For the colorful and figured woven fabrics formed by only using raw white warps and multicolored wefts, the created colors of fabrics mainly come from the color mixing of different colored weft yarns. In this study, based on the yarn color mixing principle, weft yarns in six different colors—red, green, blue, yellow, black and white—together with the raw white warp yarn were used to create a series of fabric colors. In addition, in order to reduce the white warp floats on the fabric surface as well as the lightness of the fabric due to these floats, two types of weft-backed structures—weft-backed structure with and without a regulating layer—were designed to construct the fabric. The effects of the proportion of yarn color components for mixing, weft density and the introduction of black weft floats on the fabric surface on the color attributes of fabrics were also explored.

2. Experimental Details

2.1. Design of Weft Yarn Colors and Weft-Backed Structures

Color is one of the most important aspects for woven fabric design. The final visualized color of colorful and figured woven fabrics is the result of the combined weave color effect, achieved from a series of different colored yarns, mixed in varying proportions via the weave design. Based on the coloring principle of woven fabric, a kind of color-mixing of non-transparent color, limited warp and weft yarns, in primary colors or basic colors, are commonly mixed to produce more mixed colors [17]. Therefore, the colors of warp and weft used in the fabric have a great impact on the final color and figuring effect of woven fabric. In the color mode, RGB, red, green and blue are three primary colors, while cyan, magenta, yellow and black are four primary colors for the CMYK (Cyan, Magenta, Yellow, and Black) color mode [18,19]. These two color modes have been applied in the color design of colorful woven fabrics. On this basis, weft yarns in six different colors—red, green, blue, yellow, black and white—together with raw white warp yarn were selected to create the mixed colors for the colorful and figured woven fabrics in this study.

For colorful and figured woven fabrics using white warp and multicolored weft yarns, the color and figure effects of the fabric mainly depend on the arrangement of colored weft yarns for color mixing on the fabric face. Therefore, the weave design that determines the arrangement of weft yarns becomes a key point in the fabric design. In this study, weft yarns in six colors interlaced with warp yarns in white to form woven fabrics.
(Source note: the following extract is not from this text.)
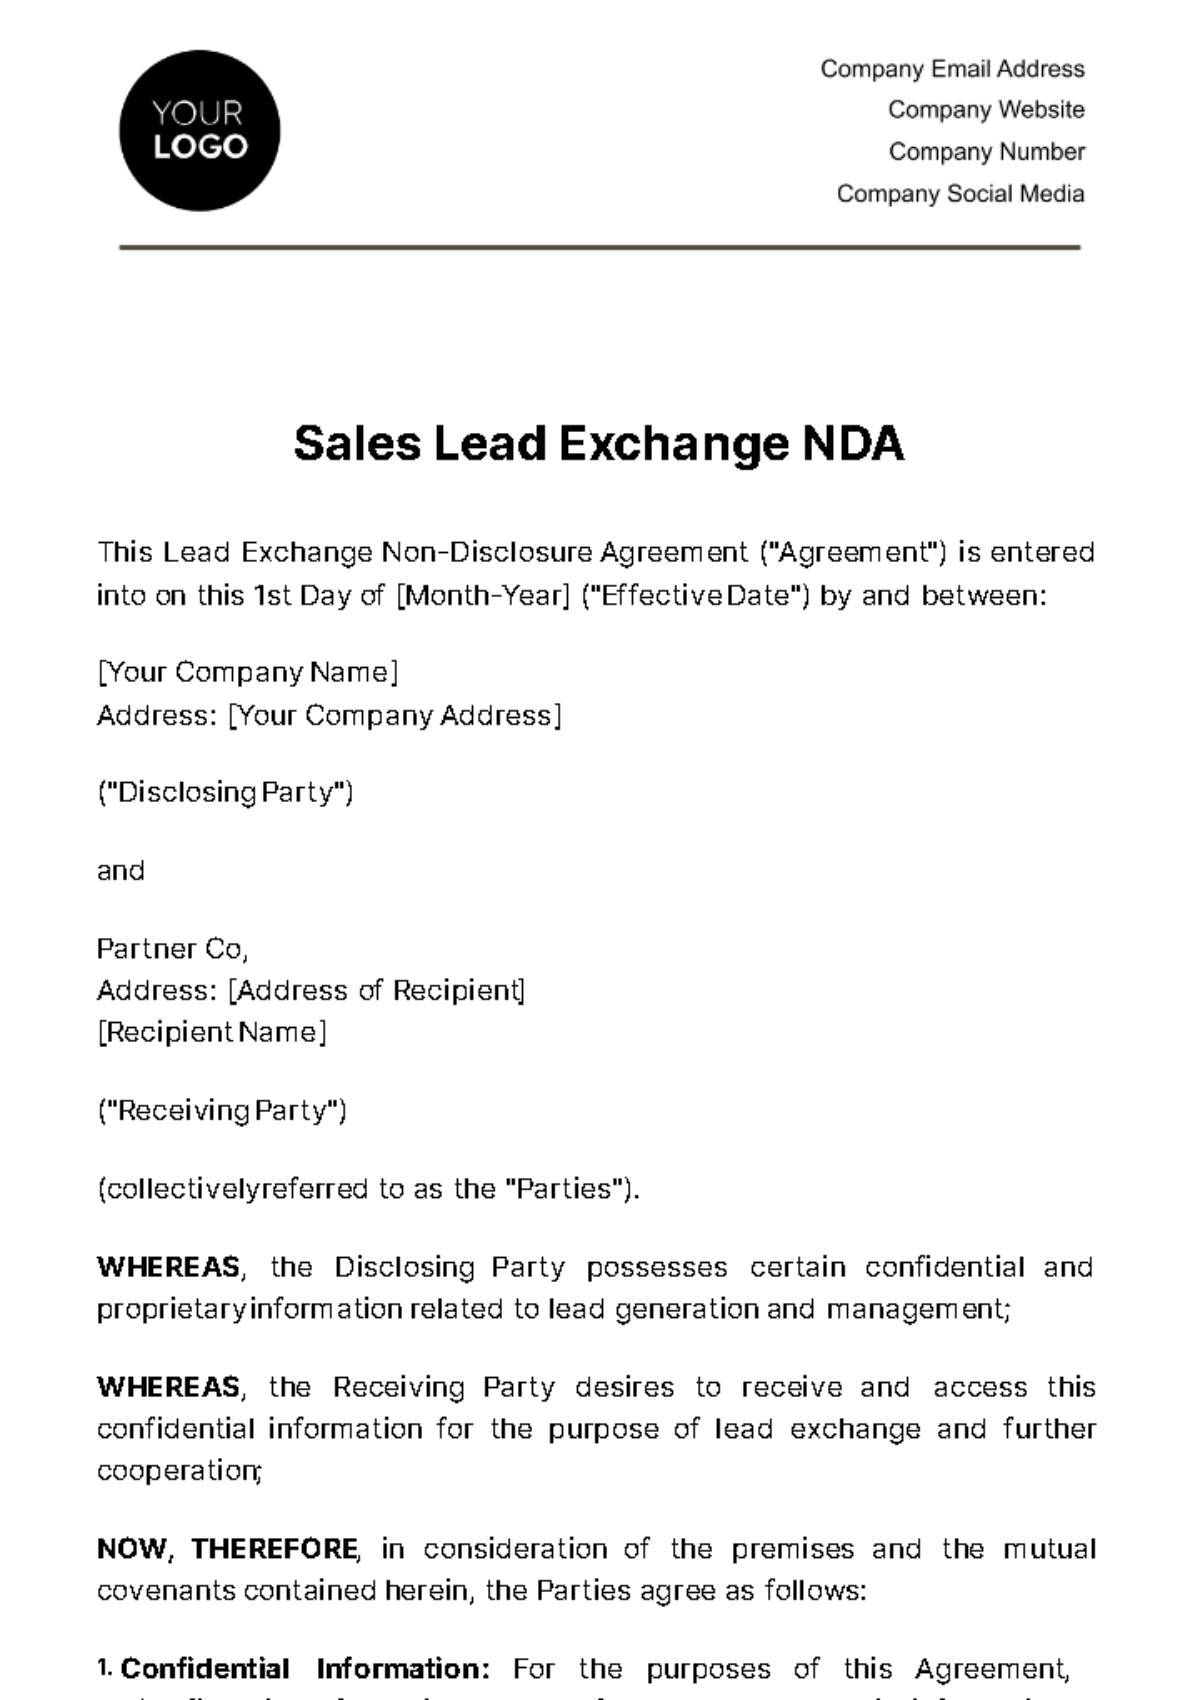 Sales Lead Exchange NDA Template

Through the weave design, the colored weft yarn floats with white warps are arranged on the fabric face to present the color and figure of woven fabric. Based on this design concept and principle, two types of weft-faced, weft-backed structures were designed for yarn color mixing. One was a weft-backed structure, without a regulating layer, that consisted of a face layer and back layer, as shown in Figure 1a. On the basis of this structure, a modified weft-backed structure was proposed by adding a color regulating layer between face and back layers, called a weft-backed structure with a regulating layer, as shown in Figure 1b. This supplement layer in a twill weave was used to regulate the face color characteristics of fabric, reduce the color effect of back yarns on the fabric face color as well as enhance the connection between the face and back layers for an integrated and stable fabric structure. For the weft-backed woven structures with a regulating layer, the desired colored weft yarns were placed in the face layer of the fabric for color mixing, while other undesired colored weft yarns were hidden within the back layer of the fabric. Moreover, through changing the different colored yarns on the fabric surface and adjusting their proportion of yarn floats via the face weave design, a series of mixed colors could be created, to express the color and figure of woven fabrics.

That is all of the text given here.